• [Directions for this task]: Given the entries that follow, write out exactly the lines starting at the one containing "BMAX Tablet" and ending at the one containing "Exportador Autorizado y", both ends included, and only those.

• [Extracted entries]:
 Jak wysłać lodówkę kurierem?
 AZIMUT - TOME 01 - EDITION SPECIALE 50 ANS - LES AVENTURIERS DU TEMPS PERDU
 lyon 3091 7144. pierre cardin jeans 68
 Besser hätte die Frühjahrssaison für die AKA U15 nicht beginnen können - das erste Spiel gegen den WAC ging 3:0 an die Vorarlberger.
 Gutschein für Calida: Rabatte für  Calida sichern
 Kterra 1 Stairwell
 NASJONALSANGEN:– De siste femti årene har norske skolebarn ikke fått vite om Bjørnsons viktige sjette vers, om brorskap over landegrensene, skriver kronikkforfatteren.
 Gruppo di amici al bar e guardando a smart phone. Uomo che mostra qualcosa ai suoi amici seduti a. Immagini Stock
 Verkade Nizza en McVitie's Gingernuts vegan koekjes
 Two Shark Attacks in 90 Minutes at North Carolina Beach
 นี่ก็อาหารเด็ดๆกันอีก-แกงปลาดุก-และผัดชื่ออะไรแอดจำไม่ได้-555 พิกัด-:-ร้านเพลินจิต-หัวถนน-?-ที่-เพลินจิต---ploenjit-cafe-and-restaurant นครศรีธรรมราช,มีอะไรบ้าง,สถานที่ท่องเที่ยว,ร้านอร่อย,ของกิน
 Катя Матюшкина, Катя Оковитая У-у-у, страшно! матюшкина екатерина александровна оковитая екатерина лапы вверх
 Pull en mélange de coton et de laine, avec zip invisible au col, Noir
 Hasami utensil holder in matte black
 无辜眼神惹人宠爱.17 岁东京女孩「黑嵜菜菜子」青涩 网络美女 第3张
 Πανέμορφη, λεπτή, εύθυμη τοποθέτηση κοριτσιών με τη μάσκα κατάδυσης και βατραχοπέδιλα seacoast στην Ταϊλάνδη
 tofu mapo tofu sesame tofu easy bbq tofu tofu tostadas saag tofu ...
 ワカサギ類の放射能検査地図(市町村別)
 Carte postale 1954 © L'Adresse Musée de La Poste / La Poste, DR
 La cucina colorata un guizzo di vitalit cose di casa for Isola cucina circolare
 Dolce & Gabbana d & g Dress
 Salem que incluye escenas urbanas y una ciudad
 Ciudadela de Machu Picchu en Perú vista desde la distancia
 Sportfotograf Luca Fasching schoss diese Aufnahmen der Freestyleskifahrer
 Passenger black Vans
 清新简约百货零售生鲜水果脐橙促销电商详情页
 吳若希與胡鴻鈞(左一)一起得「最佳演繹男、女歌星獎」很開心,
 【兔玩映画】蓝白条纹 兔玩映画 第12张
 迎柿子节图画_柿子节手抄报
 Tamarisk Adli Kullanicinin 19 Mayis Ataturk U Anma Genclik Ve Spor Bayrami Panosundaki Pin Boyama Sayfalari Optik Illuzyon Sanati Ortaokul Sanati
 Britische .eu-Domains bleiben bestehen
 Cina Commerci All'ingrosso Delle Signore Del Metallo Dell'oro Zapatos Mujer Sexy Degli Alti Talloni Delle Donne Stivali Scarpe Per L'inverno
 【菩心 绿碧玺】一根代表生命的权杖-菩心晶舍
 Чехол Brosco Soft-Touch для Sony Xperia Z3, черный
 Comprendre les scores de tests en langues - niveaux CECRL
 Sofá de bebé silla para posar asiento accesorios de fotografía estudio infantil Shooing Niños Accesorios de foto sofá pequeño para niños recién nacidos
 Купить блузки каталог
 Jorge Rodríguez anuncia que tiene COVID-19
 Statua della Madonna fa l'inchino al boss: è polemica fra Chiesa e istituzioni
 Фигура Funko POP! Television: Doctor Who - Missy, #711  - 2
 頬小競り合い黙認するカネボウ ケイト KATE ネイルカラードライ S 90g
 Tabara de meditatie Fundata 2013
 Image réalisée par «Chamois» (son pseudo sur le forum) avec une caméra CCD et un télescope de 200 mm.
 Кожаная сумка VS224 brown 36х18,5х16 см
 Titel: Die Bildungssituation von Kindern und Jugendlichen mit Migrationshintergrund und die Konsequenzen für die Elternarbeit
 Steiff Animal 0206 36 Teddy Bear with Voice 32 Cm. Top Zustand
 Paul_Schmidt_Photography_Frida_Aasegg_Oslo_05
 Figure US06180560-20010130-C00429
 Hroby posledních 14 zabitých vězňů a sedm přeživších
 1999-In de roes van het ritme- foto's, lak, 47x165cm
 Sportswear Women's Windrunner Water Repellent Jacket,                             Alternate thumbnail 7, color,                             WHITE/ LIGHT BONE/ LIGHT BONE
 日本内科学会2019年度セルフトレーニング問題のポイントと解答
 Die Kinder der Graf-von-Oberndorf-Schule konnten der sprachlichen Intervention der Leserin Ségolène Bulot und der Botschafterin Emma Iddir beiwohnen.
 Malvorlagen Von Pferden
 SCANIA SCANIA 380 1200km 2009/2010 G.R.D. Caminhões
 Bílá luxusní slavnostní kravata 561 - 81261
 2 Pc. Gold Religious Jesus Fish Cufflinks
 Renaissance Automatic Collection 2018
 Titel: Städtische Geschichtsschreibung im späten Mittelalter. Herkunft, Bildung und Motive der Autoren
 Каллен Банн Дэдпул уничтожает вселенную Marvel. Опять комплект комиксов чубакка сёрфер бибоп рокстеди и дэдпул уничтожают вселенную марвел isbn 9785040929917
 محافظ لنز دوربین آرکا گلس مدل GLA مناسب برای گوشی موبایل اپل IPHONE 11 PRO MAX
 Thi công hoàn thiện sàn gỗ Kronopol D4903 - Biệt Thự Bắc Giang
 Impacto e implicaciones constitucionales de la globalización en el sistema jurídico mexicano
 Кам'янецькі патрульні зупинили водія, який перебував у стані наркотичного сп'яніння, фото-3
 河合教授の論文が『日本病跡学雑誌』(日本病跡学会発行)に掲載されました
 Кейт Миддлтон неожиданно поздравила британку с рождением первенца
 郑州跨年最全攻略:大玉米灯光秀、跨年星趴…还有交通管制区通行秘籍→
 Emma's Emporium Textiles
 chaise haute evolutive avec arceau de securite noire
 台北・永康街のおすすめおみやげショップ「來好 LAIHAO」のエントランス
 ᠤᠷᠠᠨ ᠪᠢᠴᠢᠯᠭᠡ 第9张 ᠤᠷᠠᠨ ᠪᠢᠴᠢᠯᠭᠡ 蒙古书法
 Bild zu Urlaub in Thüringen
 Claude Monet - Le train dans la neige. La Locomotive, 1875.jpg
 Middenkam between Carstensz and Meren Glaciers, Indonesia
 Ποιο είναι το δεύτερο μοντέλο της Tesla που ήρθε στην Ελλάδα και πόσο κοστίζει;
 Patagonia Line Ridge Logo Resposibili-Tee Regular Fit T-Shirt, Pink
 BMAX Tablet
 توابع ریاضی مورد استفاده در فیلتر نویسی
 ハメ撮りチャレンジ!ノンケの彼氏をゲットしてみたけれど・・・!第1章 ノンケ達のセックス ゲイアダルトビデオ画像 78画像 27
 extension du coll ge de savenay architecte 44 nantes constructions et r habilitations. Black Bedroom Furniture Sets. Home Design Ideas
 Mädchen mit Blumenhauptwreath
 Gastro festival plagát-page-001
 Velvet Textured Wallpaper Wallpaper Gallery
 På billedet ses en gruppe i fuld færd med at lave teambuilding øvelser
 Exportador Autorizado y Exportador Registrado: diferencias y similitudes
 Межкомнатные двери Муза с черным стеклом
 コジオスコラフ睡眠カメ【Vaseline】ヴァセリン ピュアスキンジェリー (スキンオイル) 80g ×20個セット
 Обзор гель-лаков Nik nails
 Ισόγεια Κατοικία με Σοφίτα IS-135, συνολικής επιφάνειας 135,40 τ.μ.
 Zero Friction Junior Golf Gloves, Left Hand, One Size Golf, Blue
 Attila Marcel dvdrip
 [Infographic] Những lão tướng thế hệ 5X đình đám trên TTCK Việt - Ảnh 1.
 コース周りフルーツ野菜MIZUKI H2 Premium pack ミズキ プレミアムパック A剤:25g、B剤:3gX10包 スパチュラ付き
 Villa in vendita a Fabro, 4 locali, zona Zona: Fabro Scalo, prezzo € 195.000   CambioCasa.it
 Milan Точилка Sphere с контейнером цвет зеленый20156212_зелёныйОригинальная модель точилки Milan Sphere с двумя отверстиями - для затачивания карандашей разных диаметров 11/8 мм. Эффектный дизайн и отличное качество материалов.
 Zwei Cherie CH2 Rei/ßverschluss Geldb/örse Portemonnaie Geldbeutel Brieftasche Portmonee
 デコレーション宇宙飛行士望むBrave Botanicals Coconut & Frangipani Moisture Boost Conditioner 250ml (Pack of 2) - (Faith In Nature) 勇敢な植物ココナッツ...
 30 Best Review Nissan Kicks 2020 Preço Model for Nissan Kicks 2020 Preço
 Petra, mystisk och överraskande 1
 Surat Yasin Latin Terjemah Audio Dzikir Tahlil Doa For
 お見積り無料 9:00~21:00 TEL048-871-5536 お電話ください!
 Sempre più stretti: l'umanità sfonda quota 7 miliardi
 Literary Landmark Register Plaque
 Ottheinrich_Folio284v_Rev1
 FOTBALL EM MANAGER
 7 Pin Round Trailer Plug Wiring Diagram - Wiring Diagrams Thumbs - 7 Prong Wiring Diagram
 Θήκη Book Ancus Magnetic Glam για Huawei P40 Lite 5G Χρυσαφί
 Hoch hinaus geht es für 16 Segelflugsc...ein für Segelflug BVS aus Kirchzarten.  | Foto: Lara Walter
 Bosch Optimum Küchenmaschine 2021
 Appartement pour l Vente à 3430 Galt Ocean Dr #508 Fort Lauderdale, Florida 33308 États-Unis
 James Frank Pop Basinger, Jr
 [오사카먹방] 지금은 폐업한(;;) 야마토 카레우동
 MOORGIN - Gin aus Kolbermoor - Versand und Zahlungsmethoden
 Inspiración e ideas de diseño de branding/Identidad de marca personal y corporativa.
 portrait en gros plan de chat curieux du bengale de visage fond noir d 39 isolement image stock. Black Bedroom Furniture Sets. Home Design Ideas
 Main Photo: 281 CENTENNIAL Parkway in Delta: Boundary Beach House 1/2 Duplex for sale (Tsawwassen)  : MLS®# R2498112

• [Your response]:
 BMAX Tablet
 توابع ریاضی مورد استفاده در فیلتر نویسی
 ハメ撮りチャレンジ!ノンケの彼氏をゲットしてみたけれど・・・!第1章 ノンケ達のセックス ゲイアダルトビデオ画像 78画像 27
 extension du coll ge de savenay architecte 44 nantes constructions et r habilitations. Black Bedroom Furniture Sets. Home Design Ideas
 Mädchen mit Blumenhauptwreath
 Gastro festival plagát-page-001
 Velvet Textured Wallpaper Wallpaper Gallery
 På billedet ses en gruppe i fuld færd med at lave teambuilding øvelser
 Exportador Autorizado y Exportador Registrado: diferencias y similitudes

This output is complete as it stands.